◆ **Available data**

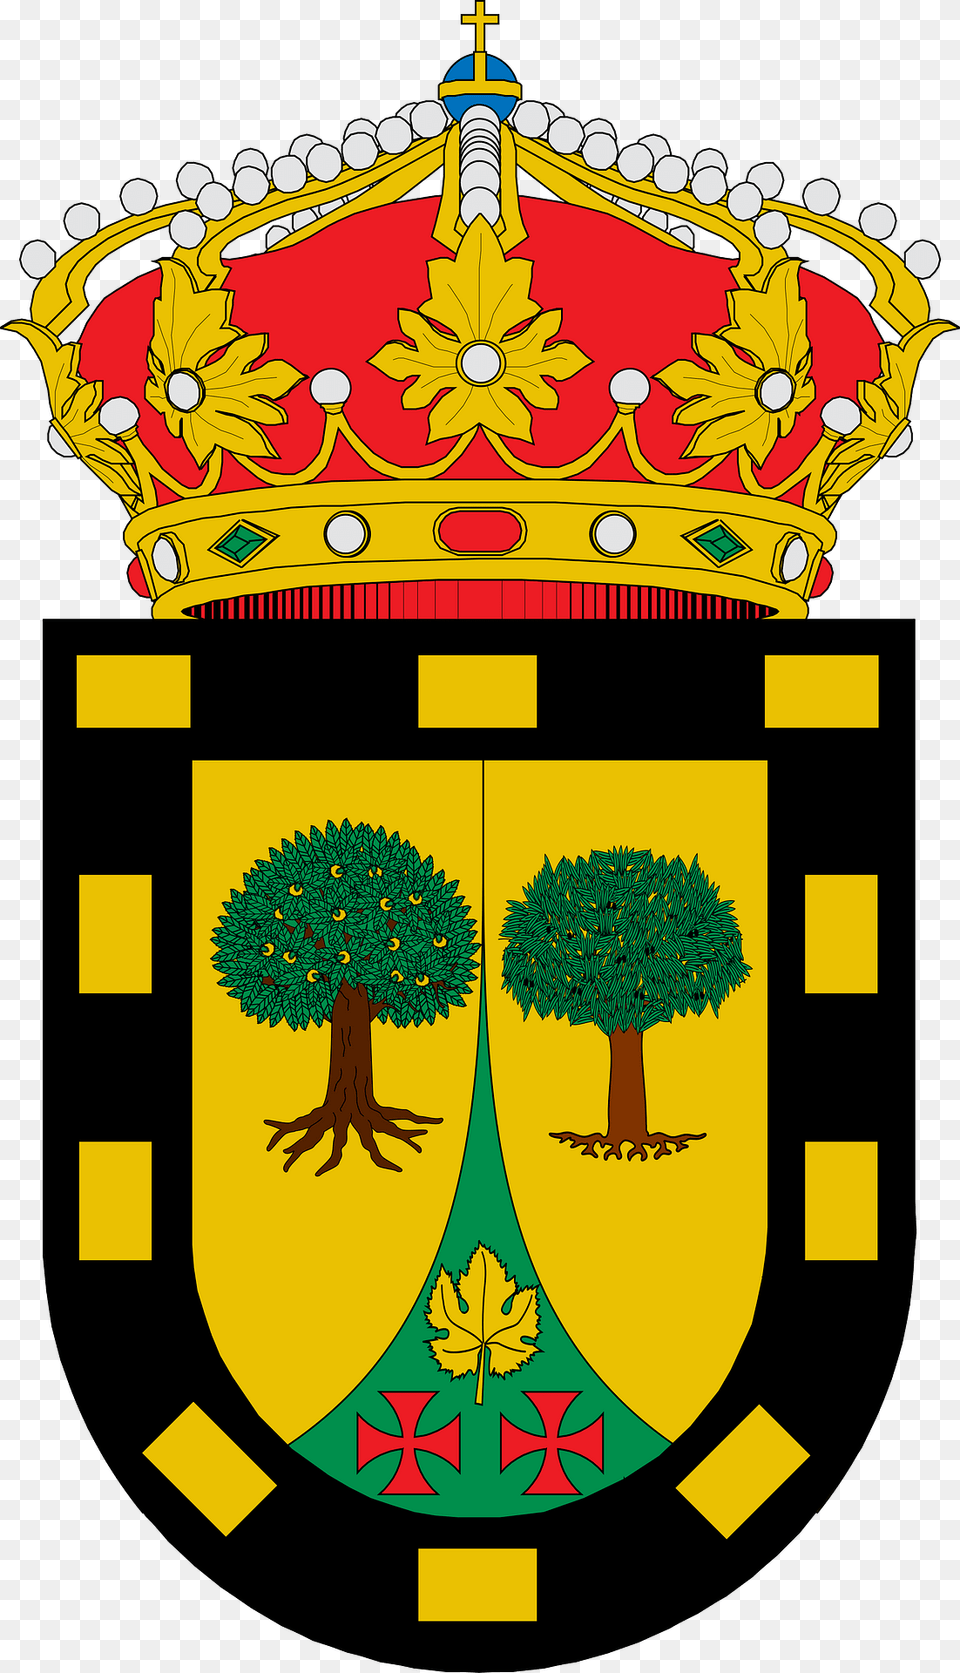 Escudo De Ombra Clipart, Plant, Emblem, Symbol Png Image
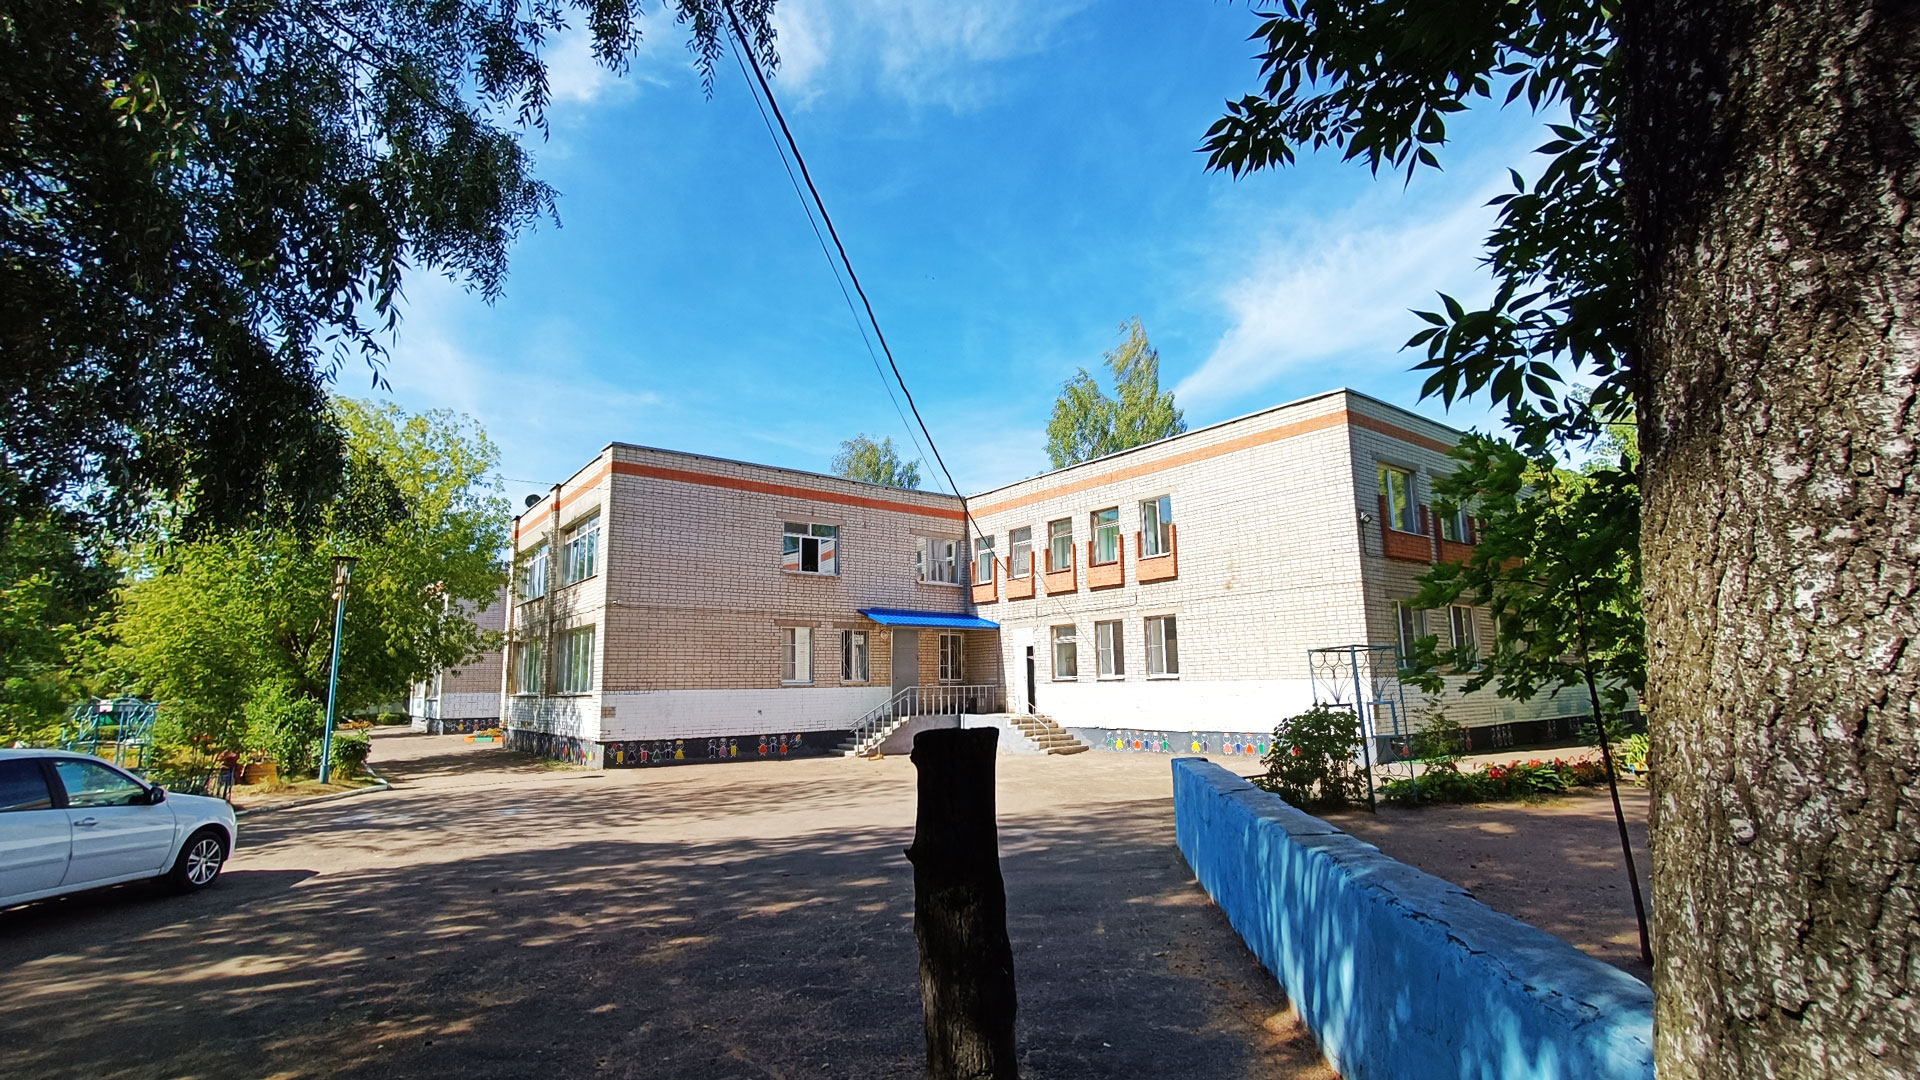 Детский сад 144 Ярославль: общий вид здания.
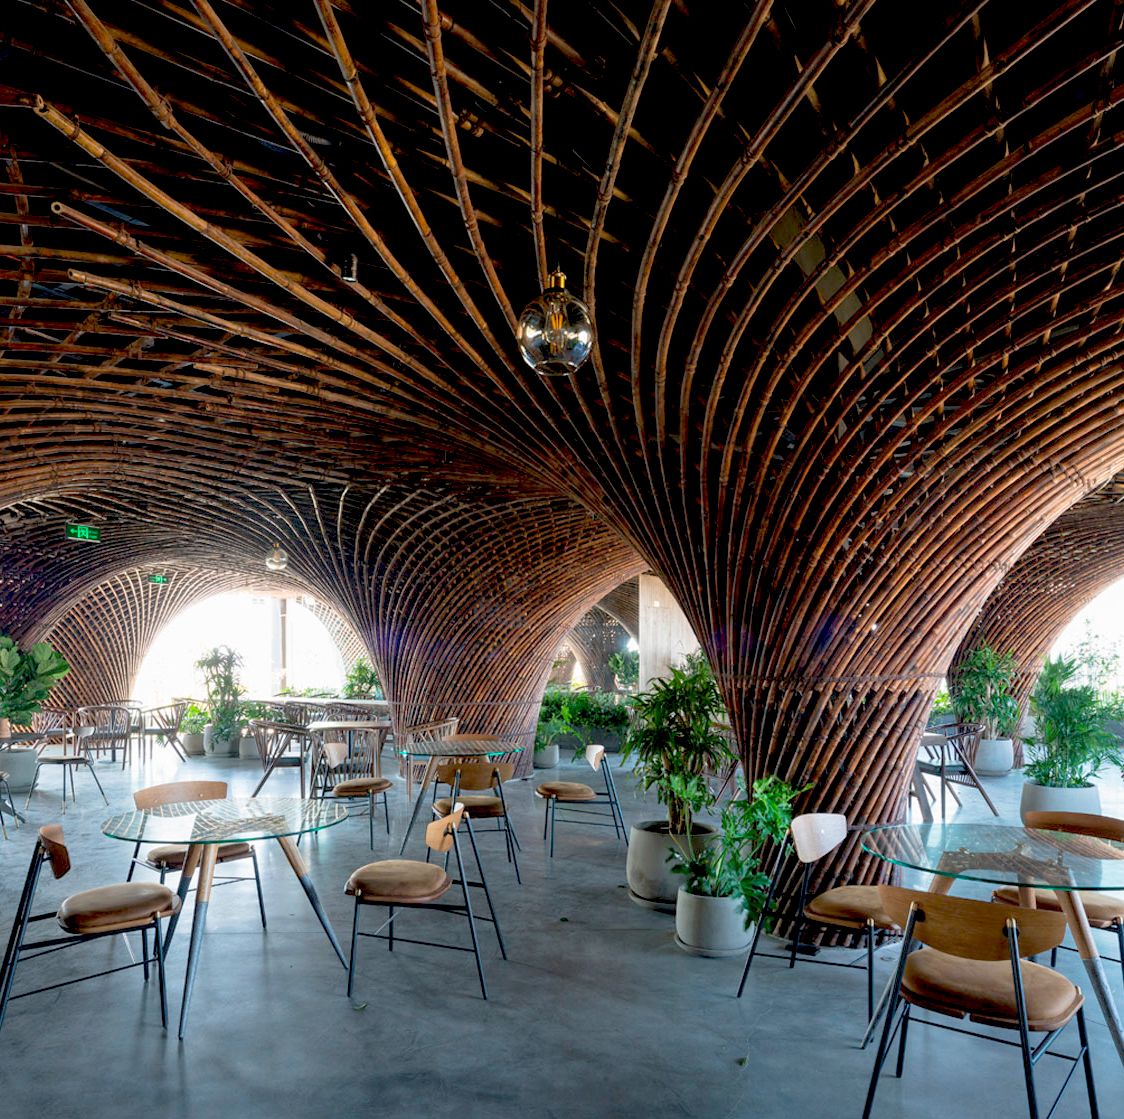 Nocenco Café, una cafetería de bambú en Vietnam

◆ **Exercise details**
No pictures should appear in the copy; write out exactly the lines from the one containing "Детский сад 144 Ярославль: общий вид здания." through the end of the material.

◆ **Output below**
 Детский сад 144 Ярославль: общий вид здания.
 Nocenco Café, una cafetería de bambú en Vietnam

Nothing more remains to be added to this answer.